-
-
Notifications
You must be signed in to change notification settings - Fork 210
Description
This issue tracks the migration of the openml-python SDK from the legacy OpenML API v1 (PHP-based) in openml/OpenML to the newer API v2 (Python-based) in openml/server-api, along with a structural refactor of the codebase to support both APIs during the transition.

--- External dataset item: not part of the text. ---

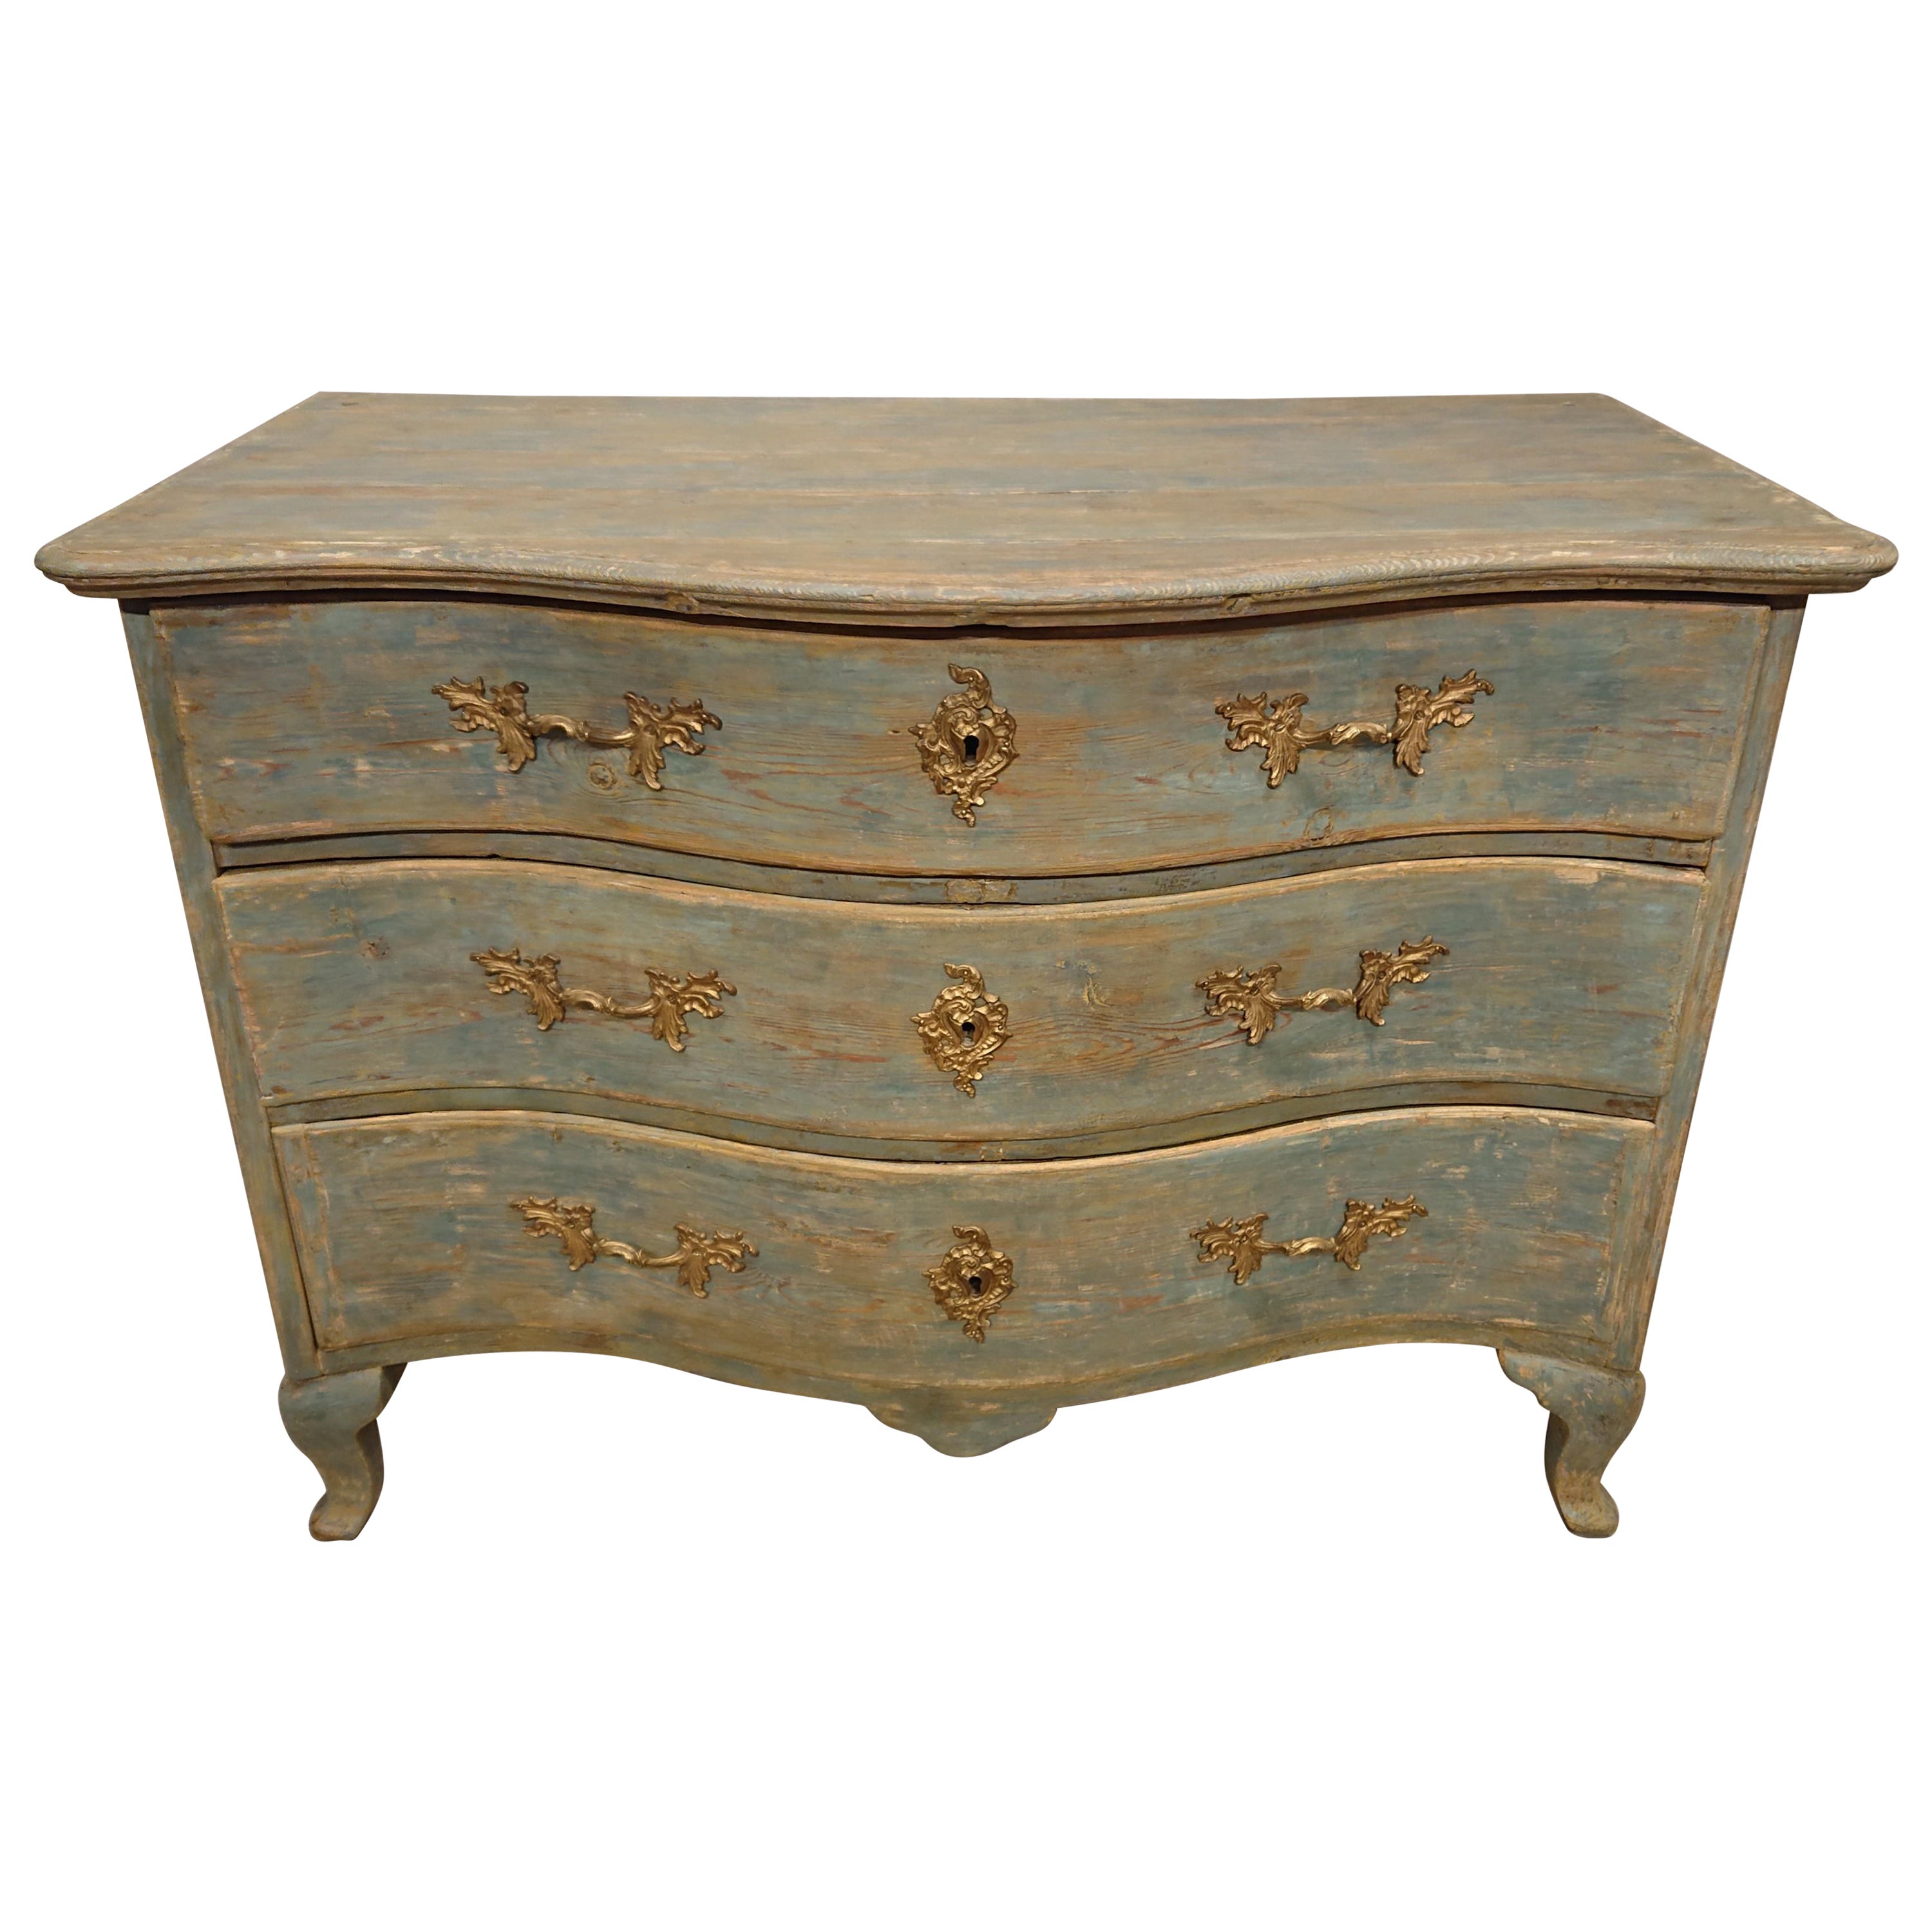 18th Century Swedish Rococo Chest of Drawers from Northern Sweden

The SDK currently relies on the v1 API, which should be progressively replaced by v2 while keeping backward compatibility and fallback where v2 endpoints are incomplete.
Goals
- Separate API interaction from SDK logic by introducing clear abstraction layers
- Modularize HTTP handling, API resources, and SDK-facing interfaces
- Allow easy switching between API v1 and v2
- Provide a transparent fallback to v1 for missing or unimplemented v2 endpoints
Proposed design (high level)
- A shared
HTTPClientresponsible for:- retries
- proxy configurations
- caching
- exception handling
- thread safety
- Abstract API "blueprints" (e.g.
DatasetsAPI,TasksAPI) defining SDK-facing methods - Version-specific implementations (
*V1,*V2) mapping those methods to concrete endpoints - A fallback proxy that routes calls to v1 if a v2 endpoint is unavailable (unless
strict=True) - A central backend/context that controls API version selection and exposes resources internally
A draft implementation sketch is included below to illustrate the architecture (not final API).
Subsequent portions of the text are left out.